Stored data:

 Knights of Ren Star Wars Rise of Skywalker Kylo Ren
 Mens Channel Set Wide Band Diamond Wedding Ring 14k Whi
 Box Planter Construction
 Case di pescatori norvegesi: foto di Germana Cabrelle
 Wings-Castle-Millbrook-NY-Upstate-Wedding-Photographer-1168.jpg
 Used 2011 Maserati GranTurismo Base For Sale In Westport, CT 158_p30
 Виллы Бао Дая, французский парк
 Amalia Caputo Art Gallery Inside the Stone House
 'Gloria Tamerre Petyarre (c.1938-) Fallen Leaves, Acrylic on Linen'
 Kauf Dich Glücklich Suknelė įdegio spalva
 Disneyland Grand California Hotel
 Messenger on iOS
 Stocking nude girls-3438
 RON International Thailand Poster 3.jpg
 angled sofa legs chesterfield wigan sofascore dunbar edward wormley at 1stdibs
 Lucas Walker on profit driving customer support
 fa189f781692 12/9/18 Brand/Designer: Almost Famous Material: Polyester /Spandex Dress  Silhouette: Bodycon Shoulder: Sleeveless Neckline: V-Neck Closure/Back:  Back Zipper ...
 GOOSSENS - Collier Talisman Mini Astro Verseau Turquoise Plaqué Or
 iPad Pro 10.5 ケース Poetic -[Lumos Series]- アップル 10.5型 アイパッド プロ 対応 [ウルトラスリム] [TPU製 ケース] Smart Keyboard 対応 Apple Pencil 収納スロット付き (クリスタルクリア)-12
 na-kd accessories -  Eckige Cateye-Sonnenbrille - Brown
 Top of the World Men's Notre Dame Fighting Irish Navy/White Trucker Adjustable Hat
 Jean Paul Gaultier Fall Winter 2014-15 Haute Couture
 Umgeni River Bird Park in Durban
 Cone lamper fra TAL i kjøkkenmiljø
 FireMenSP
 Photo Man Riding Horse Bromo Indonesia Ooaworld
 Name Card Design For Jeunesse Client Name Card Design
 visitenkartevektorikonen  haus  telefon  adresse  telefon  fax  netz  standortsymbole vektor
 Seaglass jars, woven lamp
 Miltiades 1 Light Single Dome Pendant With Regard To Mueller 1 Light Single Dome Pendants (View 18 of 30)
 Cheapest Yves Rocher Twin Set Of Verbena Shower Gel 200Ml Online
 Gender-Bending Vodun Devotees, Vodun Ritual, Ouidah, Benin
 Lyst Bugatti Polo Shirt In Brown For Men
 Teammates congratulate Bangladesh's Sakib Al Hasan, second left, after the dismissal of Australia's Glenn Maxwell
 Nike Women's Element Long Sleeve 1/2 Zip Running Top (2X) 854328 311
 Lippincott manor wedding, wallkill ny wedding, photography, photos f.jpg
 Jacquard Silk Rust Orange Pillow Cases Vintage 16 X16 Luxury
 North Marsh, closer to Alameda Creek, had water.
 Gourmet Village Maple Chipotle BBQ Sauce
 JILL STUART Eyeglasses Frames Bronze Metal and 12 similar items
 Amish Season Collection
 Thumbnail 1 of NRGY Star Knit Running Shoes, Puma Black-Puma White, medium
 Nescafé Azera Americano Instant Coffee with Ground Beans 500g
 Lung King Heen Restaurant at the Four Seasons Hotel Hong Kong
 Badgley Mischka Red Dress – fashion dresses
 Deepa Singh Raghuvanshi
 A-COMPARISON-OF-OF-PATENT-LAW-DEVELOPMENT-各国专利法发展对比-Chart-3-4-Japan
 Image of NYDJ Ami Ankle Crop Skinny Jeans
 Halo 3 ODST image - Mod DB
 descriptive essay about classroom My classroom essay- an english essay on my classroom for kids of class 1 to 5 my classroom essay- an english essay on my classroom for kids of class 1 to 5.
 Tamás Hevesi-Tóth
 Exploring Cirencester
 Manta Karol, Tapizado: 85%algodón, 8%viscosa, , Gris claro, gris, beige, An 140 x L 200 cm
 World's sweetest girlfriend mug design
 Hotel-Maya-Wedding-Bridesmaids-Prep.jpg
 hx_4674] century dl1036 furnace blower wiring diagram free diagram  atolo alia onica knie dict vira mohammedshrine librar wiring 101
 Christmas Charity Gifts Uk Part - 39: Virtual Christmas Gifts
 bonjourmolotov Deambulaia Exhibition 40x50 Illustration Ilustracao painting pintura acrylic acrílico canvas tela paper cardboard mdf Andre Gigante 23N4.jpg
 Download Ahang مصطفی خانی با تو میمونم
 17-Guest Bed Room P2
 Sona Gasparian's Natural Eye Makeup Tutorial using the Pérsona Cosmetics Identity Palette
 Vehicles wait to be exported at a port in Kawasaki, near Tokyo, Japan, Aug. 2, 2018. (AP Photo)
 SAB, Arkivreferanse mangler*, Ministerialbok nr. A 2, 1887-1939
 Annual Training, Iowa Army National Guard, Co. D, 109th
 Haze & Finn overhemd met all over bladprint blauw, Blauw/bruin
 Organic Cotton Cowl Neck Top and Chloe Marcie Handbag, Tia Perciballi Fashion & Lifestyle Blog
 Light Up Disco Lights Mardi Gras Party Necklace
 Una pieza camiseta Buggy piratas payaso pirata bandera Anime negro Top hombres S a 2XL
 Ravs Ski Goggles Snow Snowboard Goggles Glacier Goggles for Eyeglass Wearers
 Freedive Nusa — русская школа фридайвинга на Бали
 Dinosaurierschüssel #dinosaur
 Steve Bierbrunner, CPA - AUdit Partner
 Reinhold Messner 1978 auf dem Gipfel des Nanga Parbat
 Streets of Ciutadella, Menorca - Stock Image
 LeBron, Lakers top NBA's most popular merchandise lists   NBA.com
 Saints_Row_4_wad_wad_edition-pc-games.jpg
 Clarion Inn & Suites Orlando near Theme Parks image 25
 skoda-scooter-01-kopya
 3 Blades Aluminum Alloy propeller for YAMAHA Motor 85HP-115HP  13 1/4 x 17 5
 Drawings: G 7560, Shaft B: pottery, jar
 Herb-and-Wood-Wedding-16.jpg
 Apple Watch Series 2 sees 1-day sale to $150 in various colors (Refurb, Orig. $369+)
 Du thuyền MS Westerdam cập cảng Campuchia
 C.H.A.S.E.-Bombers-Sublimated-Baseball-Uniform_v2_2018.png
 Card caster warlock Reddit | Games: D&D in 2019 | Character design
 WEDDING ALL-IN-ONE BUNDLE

- **Problem description**
Each line above that contains the word "Japan" should be returned.

- **Your response**
 A-COMPARISON-OF-OF-PATENT-LAW-DEVELOPMENT-各国专利法发展对比-Chart-3-4-Japan
 Vehicles wait to be exported at a port in Kawasaki, near Tokyo, Japan, Aug. 2, 2018. (AP Photo)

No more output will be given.